__Task instructions__. Leave out all pictures while you copy the lines exactly from the one with "The Sporty Leather" through the last line of the listing.

__Information supplied__.
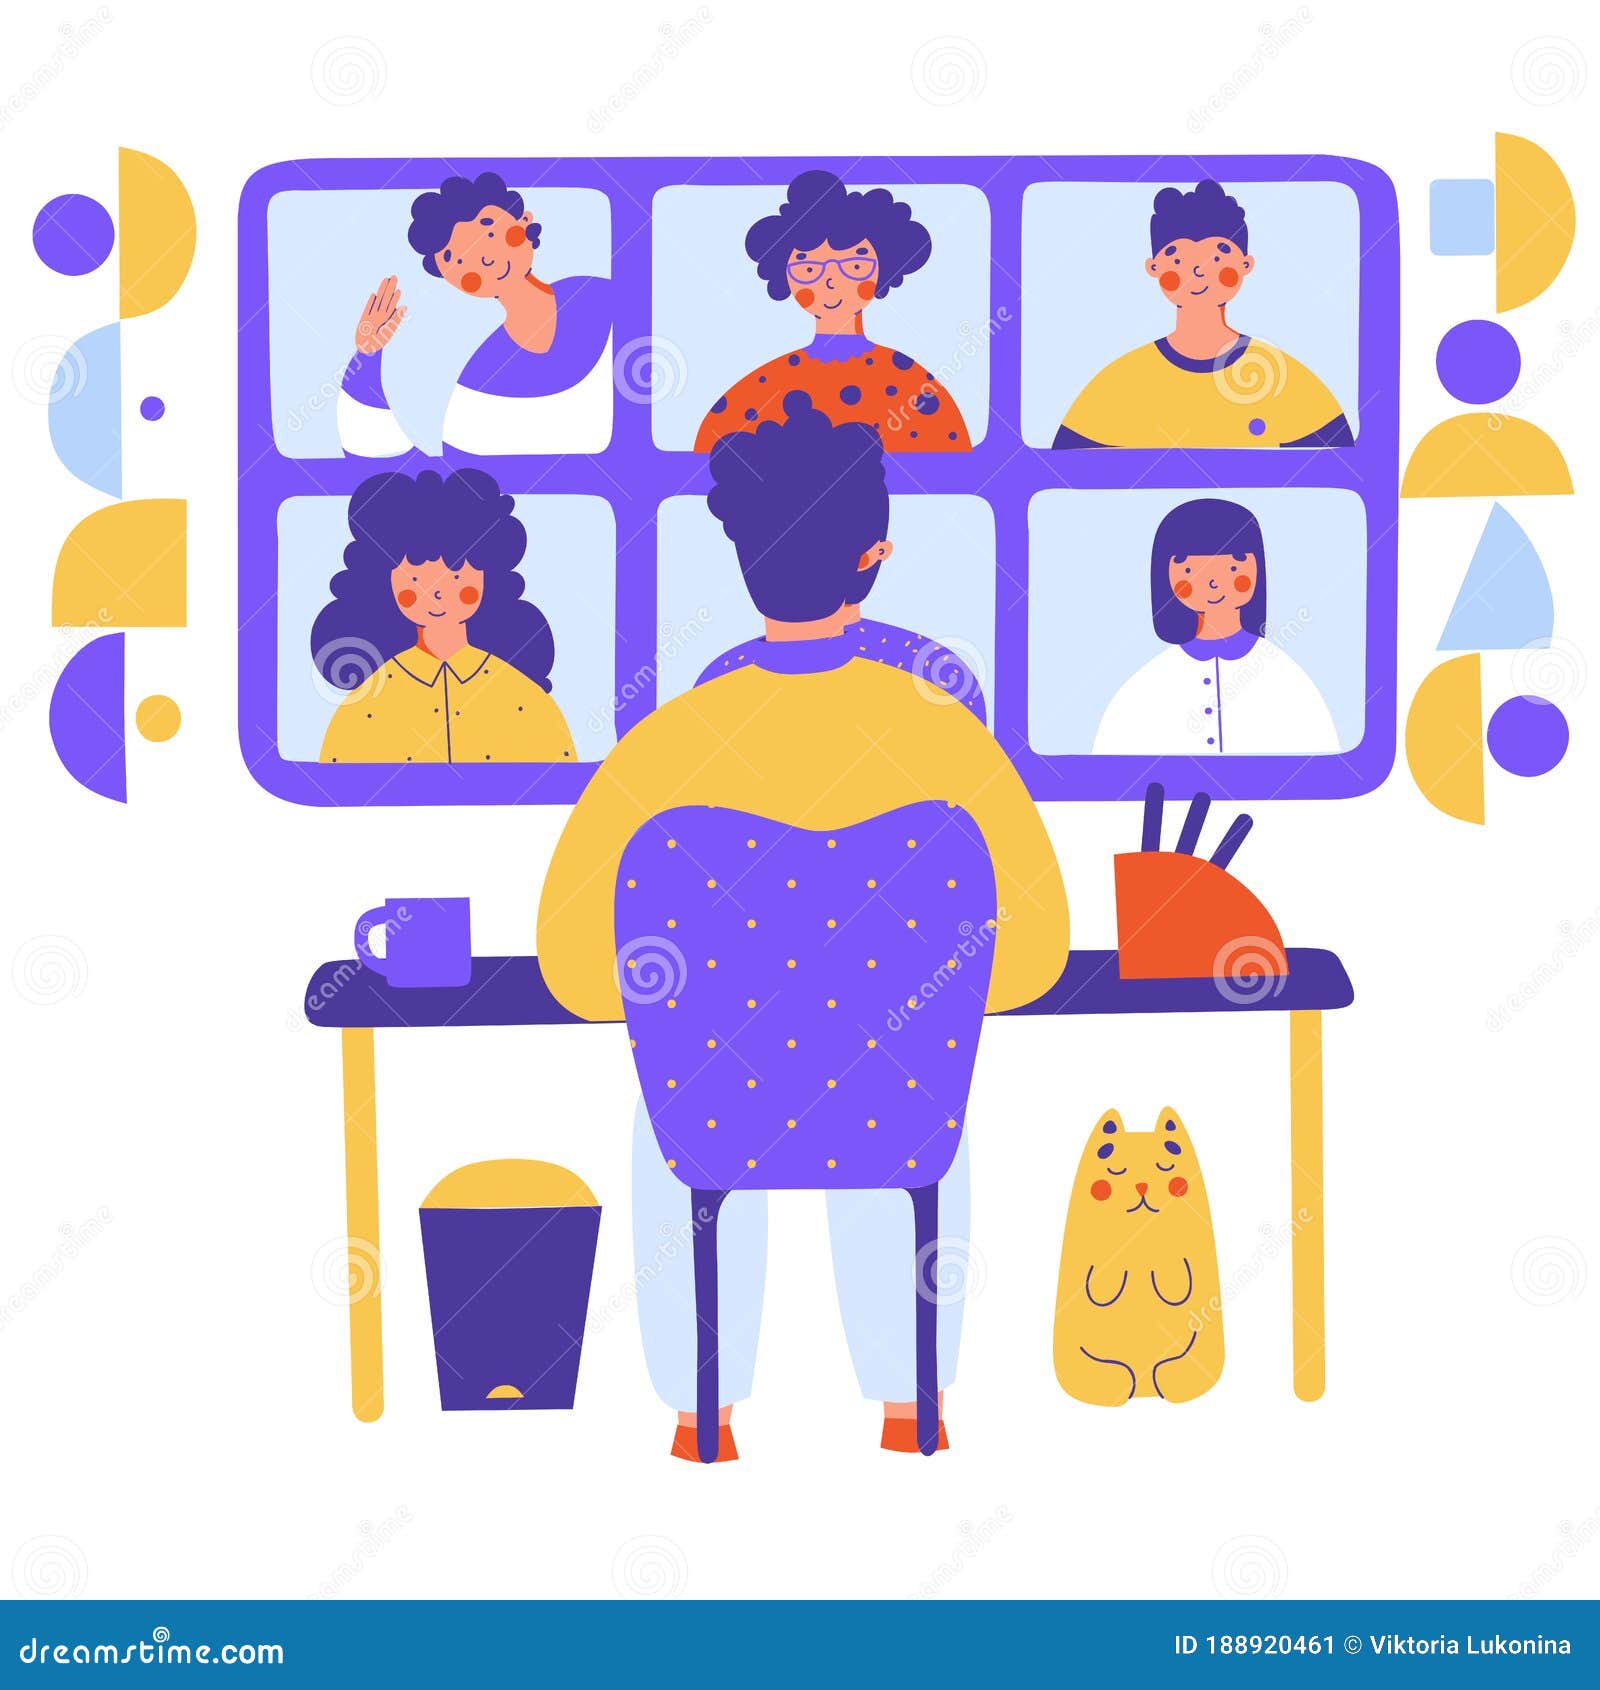 Working Video Chat, Flat Cartoon Vector Illustration. Business Conference  Stock Vector - Illustration of flat, communication: 188920461
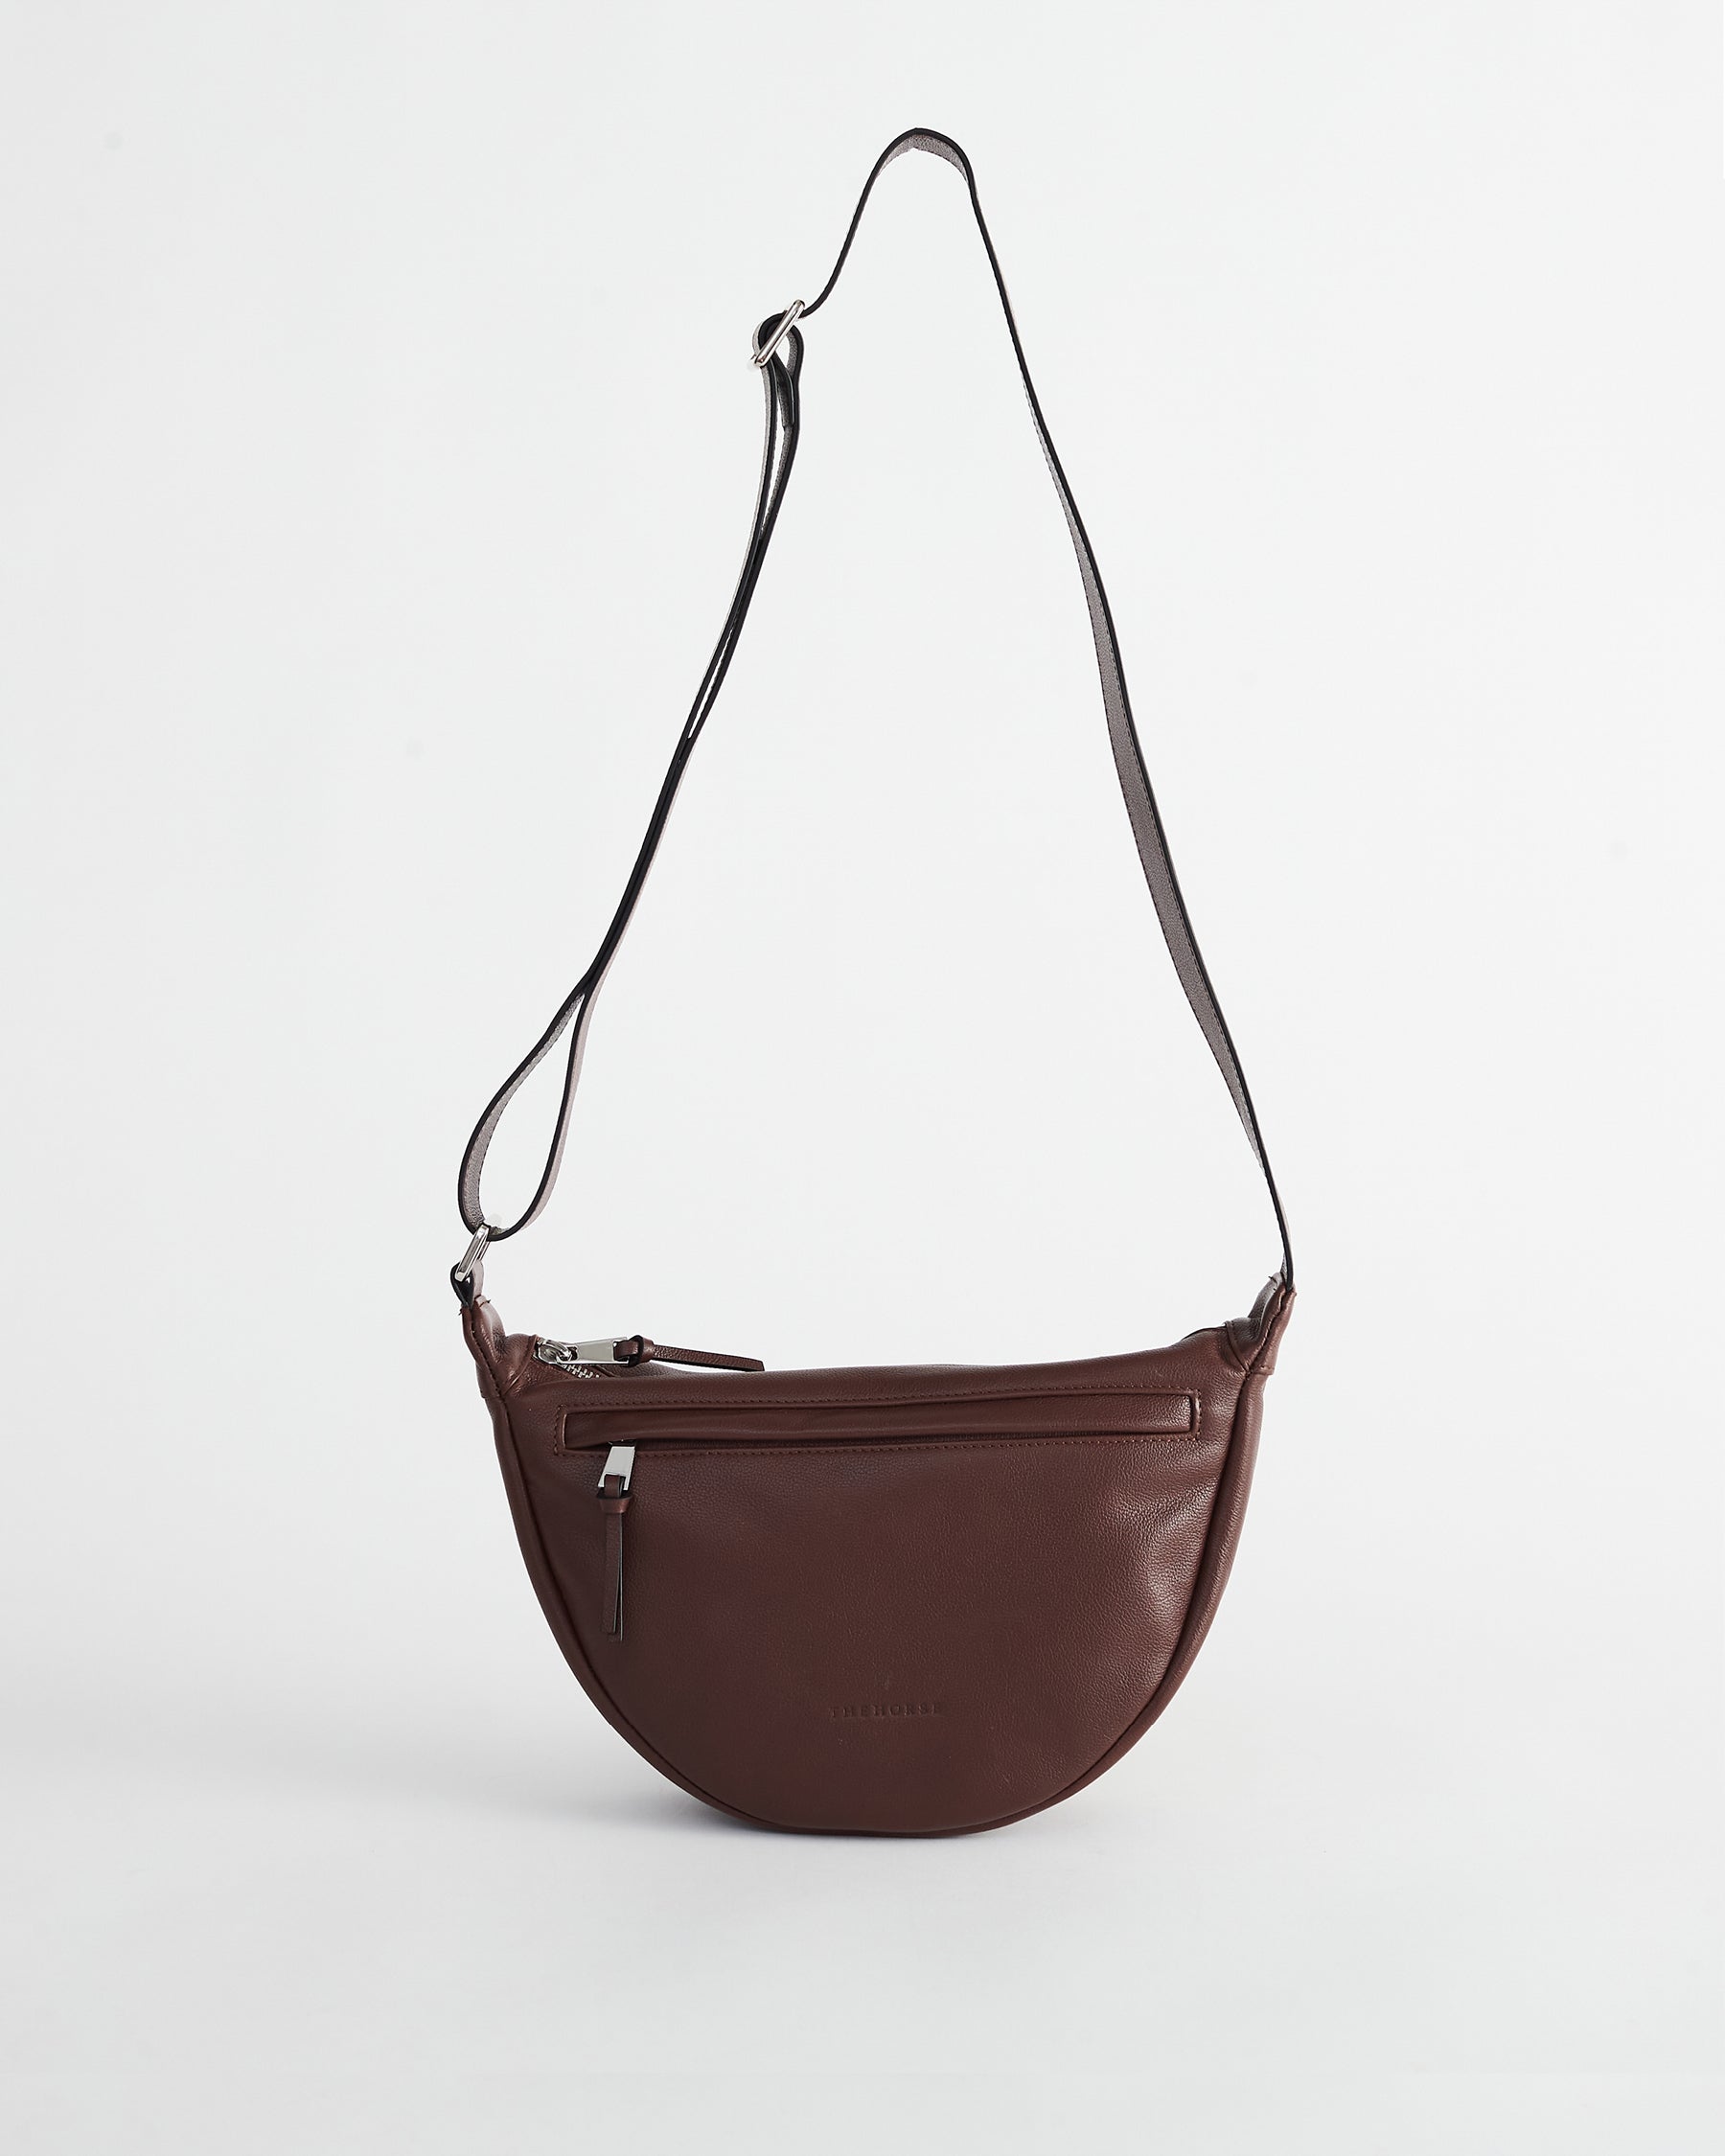 The Sporty Leather Crossbody Bag in Coffee by The Horse®
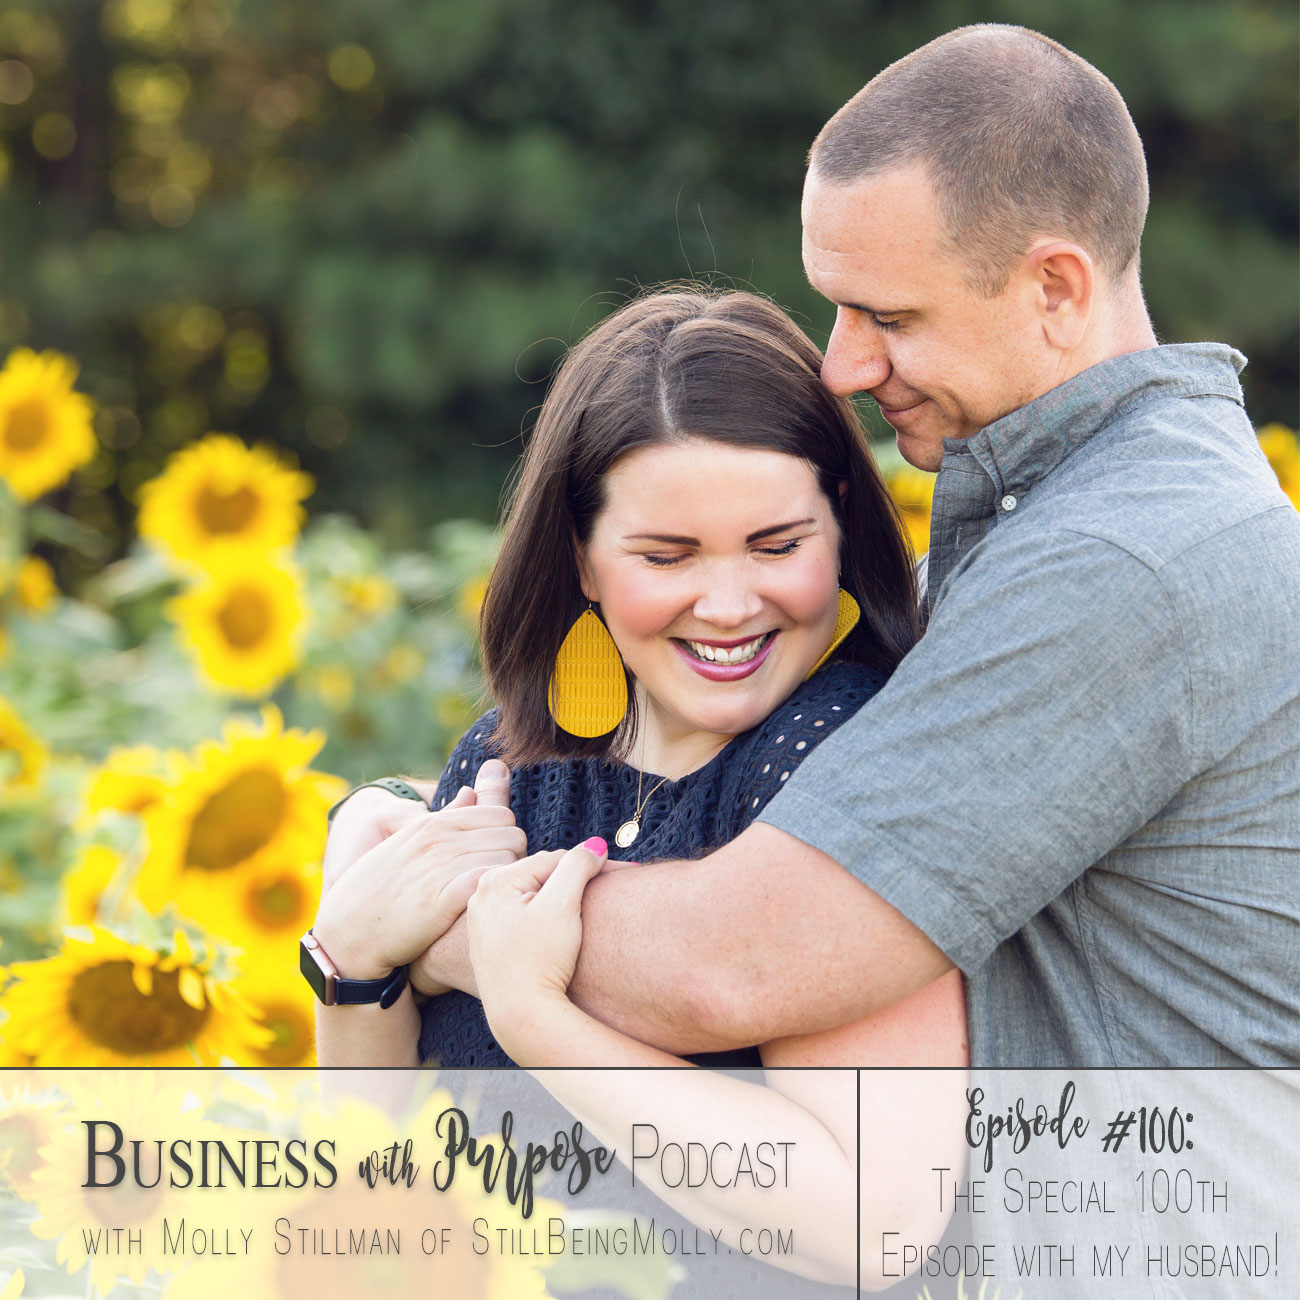 Business with Purpose Podcast EP 100: The 100th Episode Spectacular with Guest - MY HUSBAND!

__Task solution__.
 The Sporty Leather Crossbody Bag in Coffee by The Horse®
 Business with Purpose Podcast EP 100: The 100th Episode Spectacular with Guest - MY HUSBAND!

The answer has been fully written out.